● **ASSIGNED TASK**
The copy must hold exactly the lines from the one with "Hand holding a Python book" through the end of the listing below, and nothing else, with no pictures.

##### INFORMATION SHOWN #####

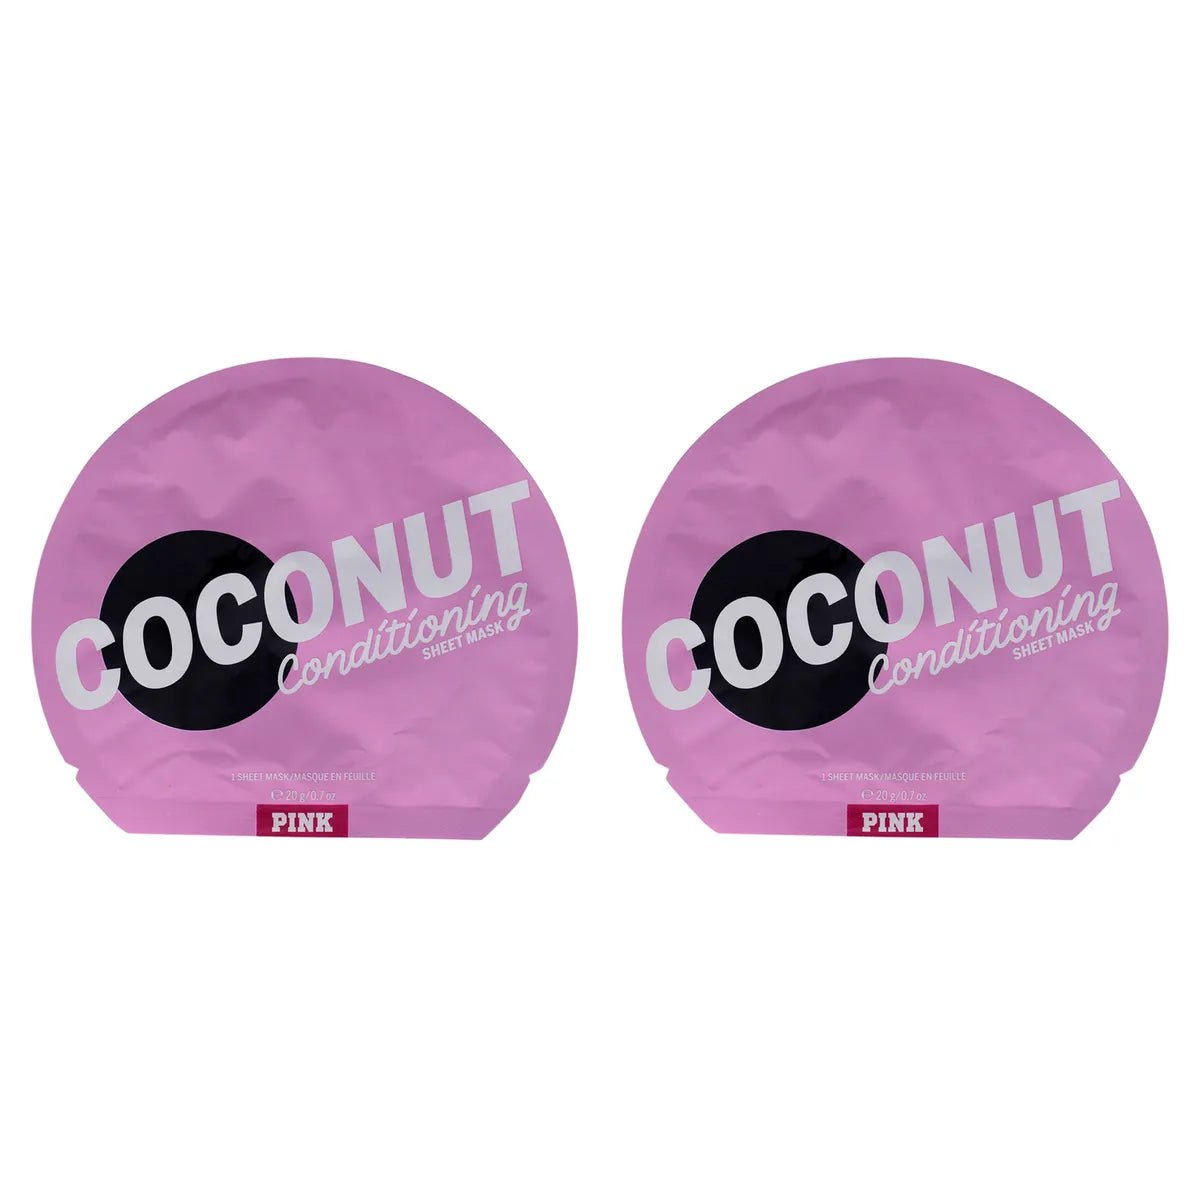 Victoria's Secret Pink Coconut Conditioning Sheet Mask | My Perfume Shop Australia
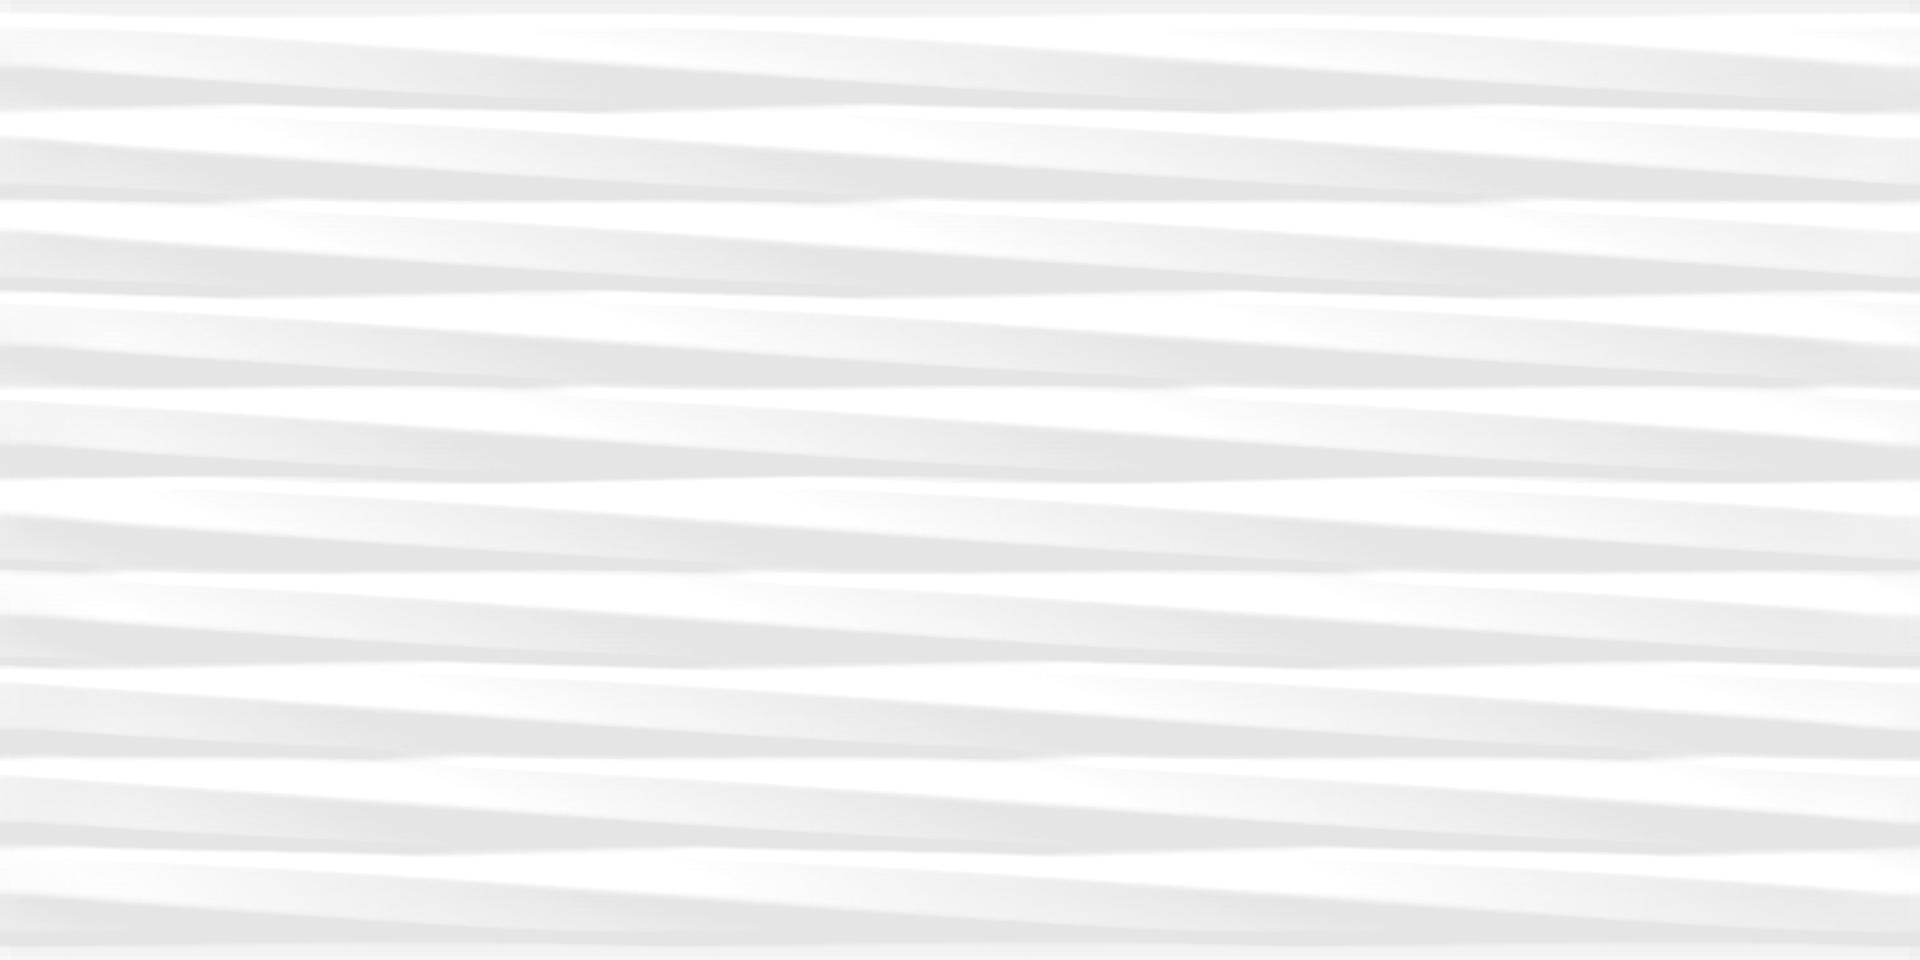 faience-argenta-baikal-30x60-1-44m2-paq-lined-blanco-brillo-1
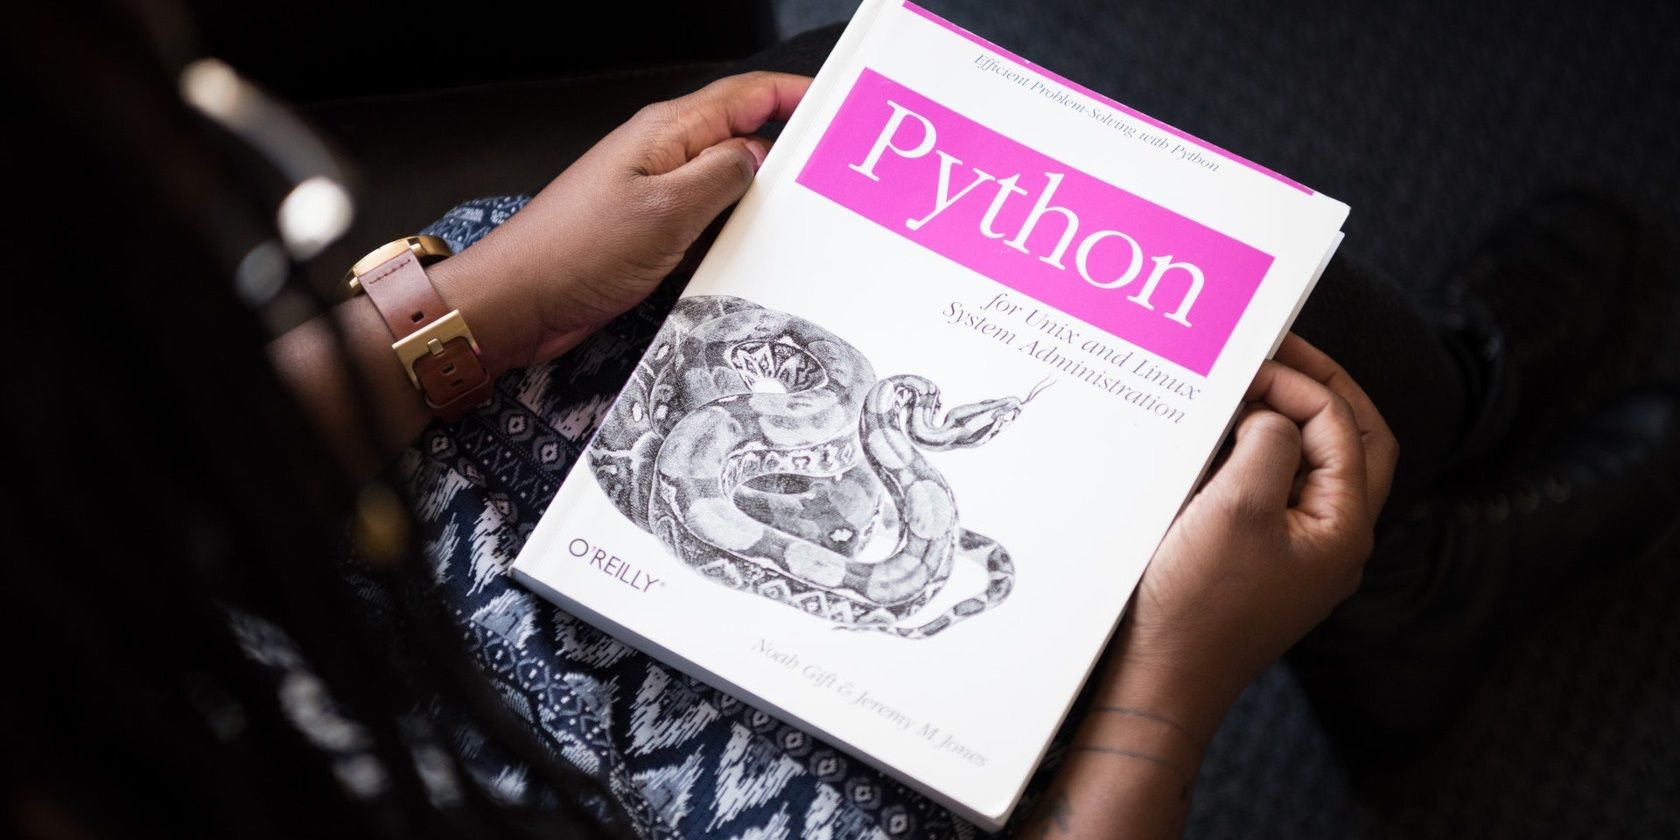 Hand holding a Python book
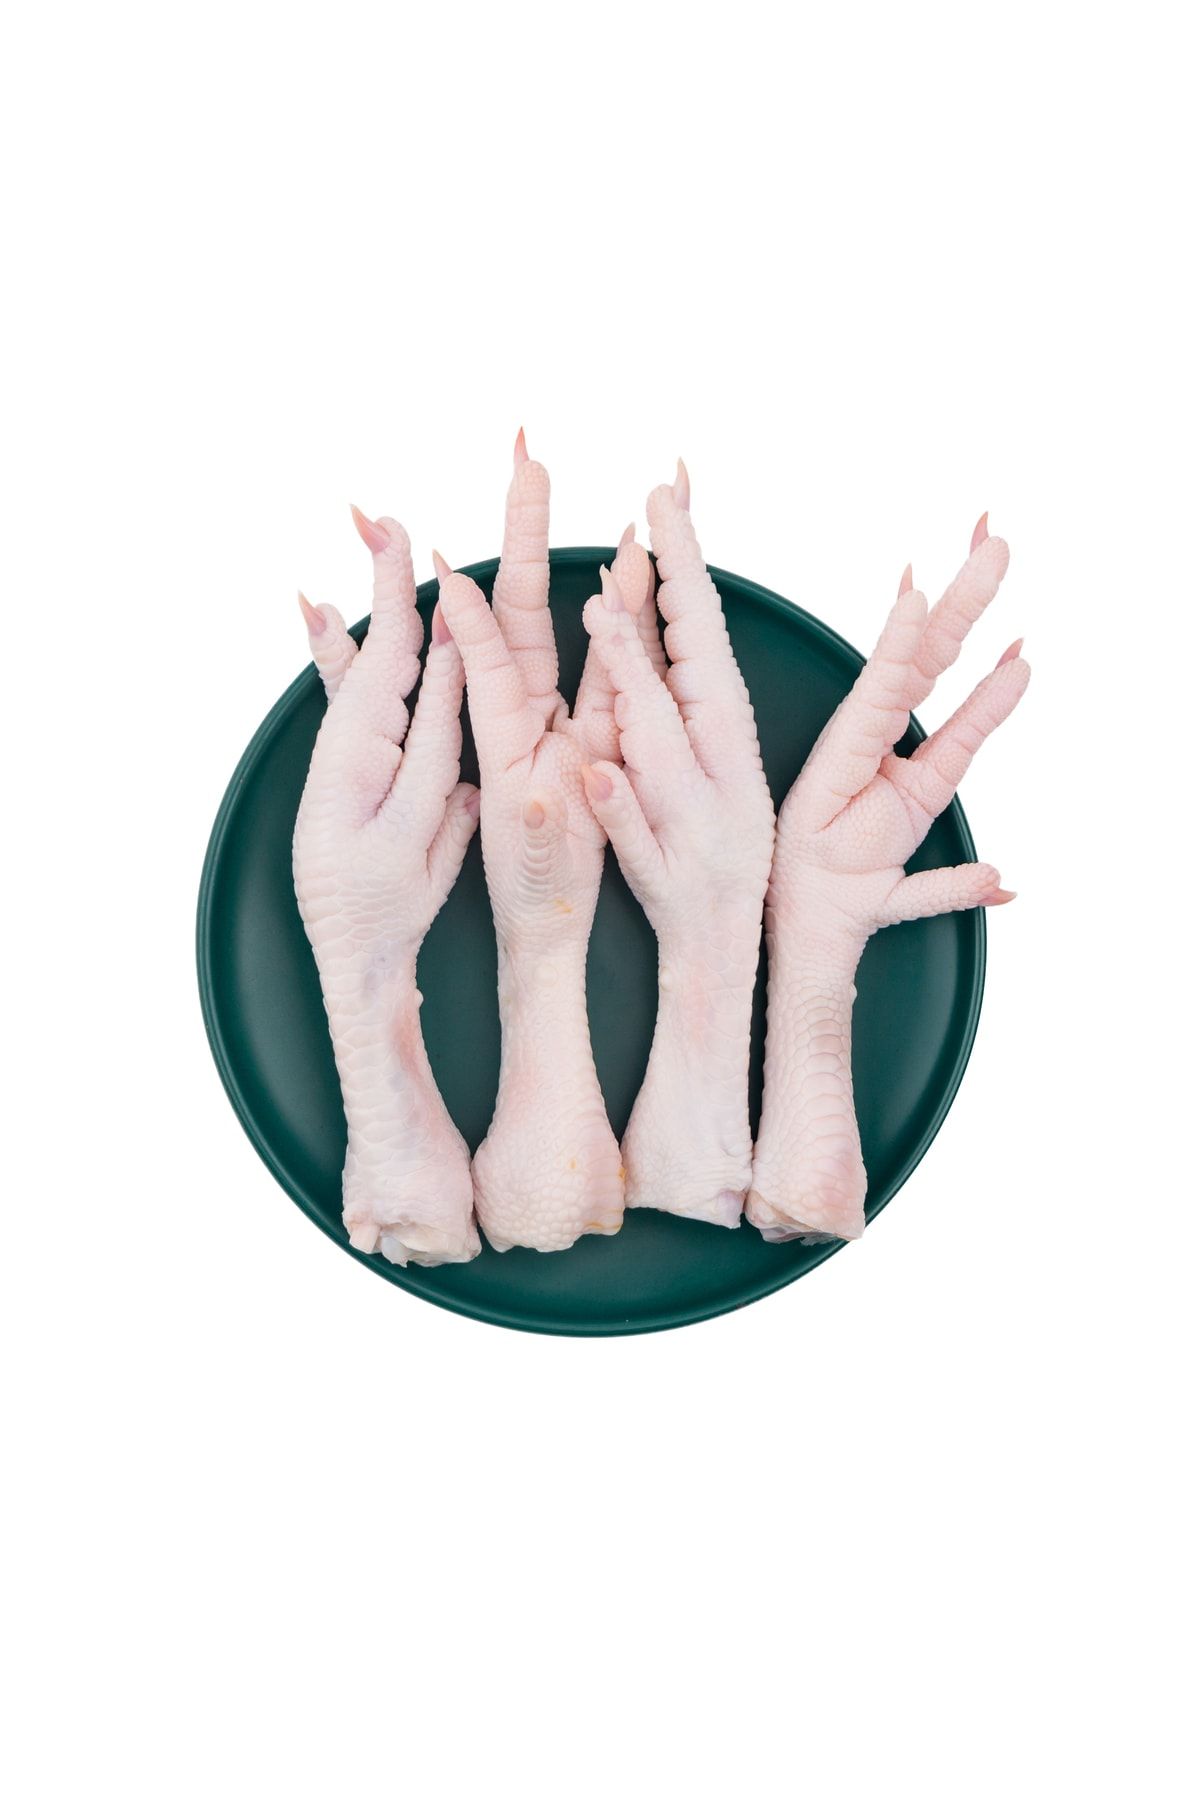 XUSHI GIDA Tavuk Ayağı ( Chicken Feet) - 1000g

#####

● **ANSWER TO THE EXERCISE**
 Hand holding a Python book
 XUSHI GIDA Tavuk Ayağı ( Chicken Feet) - 1000g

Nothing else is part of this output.